| AIM OF THE TASK |
Set down each line of the material that follows exactly, and leave its pictures out.

| DATA EXTRACT |

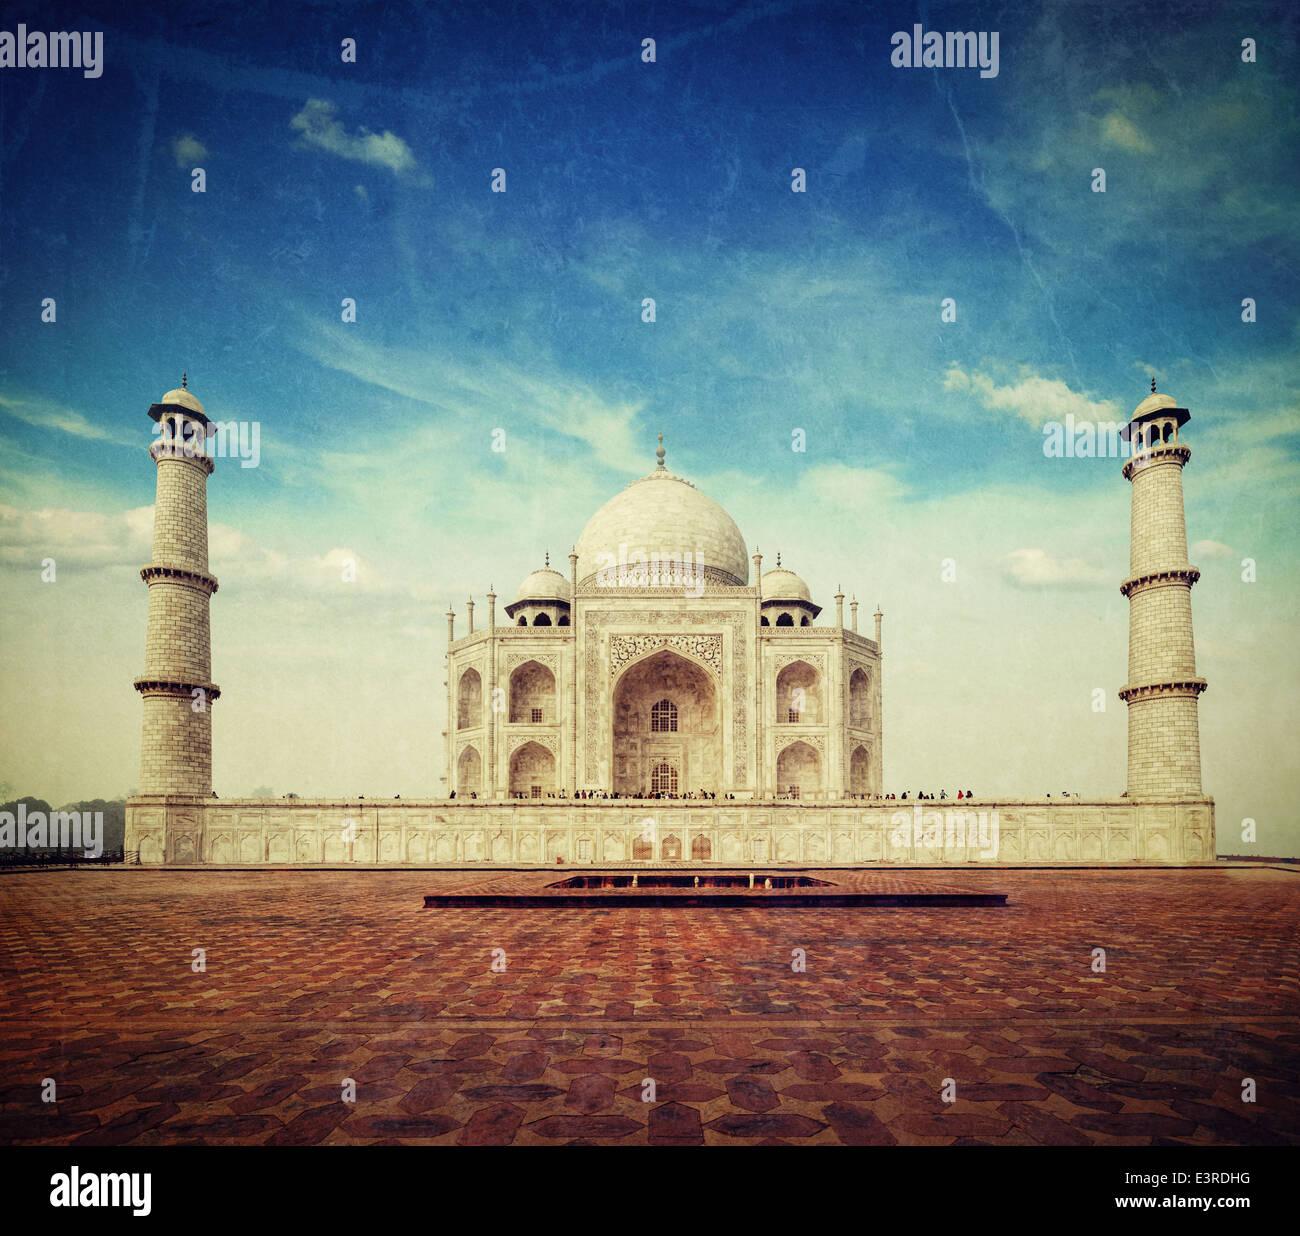 india background texture stock photos  u0026 india background
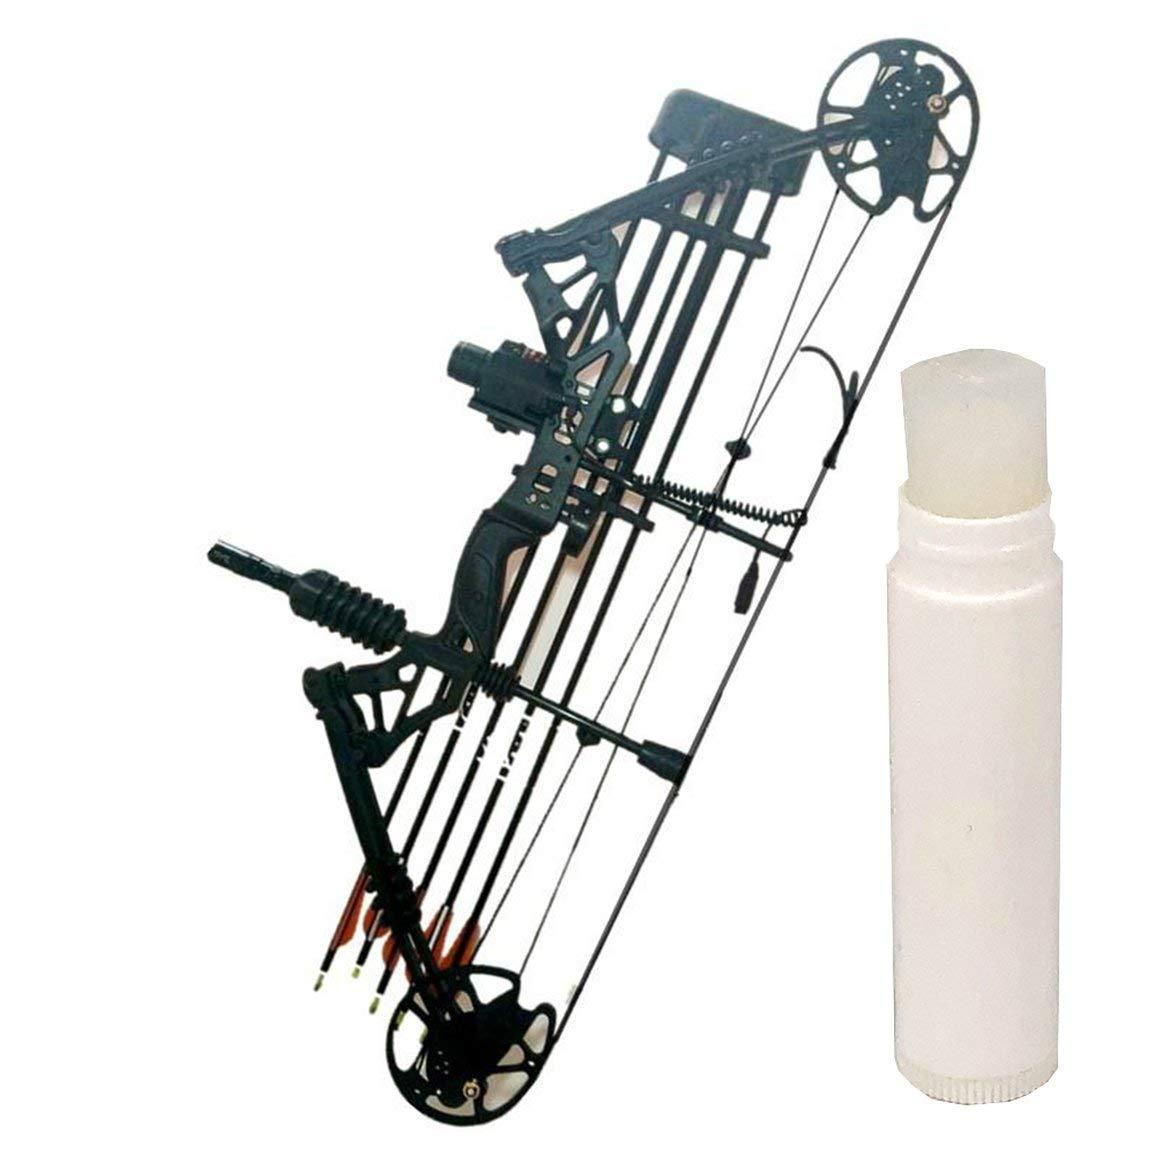 10g Tiro con arco Arco Cuerda Cera Mantenimiento Cera Proteger Cuerda de cera Cera para ballesta Arco recurvo compuesto para aumentar la durabilidad Blanco
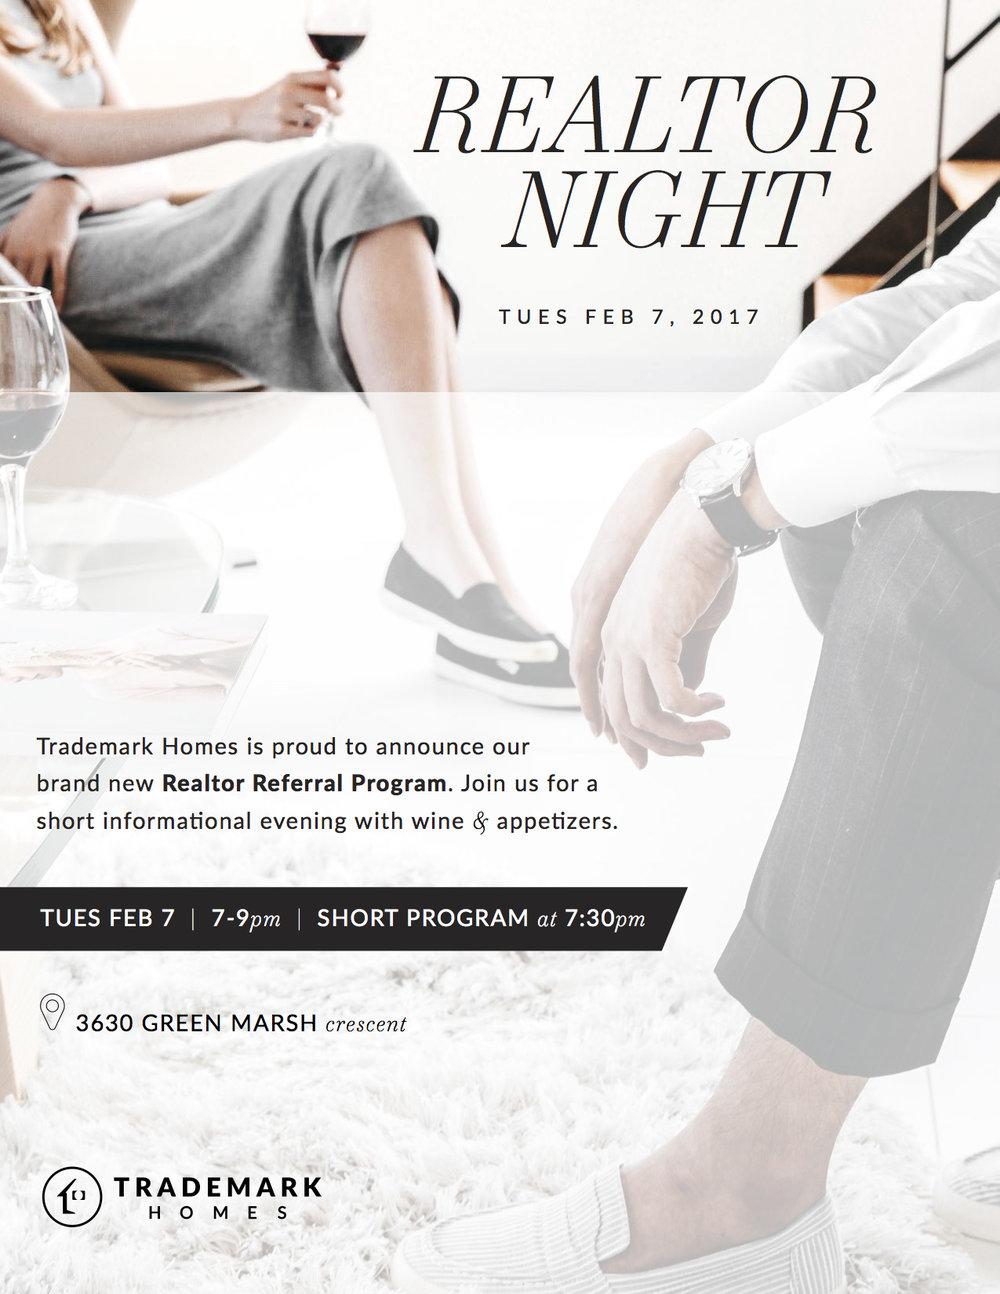 Realtor Night 2017 - Regina Home Builder

| PROBLEM SOLUTION |
 india background texture stock photos  u0026 india background
 10g Tiro con arco Arco Cuerda Cera Mantenimiento Cera Proteger Cuerda de cera Cera para ballesta Arco recurvo compuesto para aumentar la durabilidad Blanco
 Realtor Night 2017 - Regina Home Builder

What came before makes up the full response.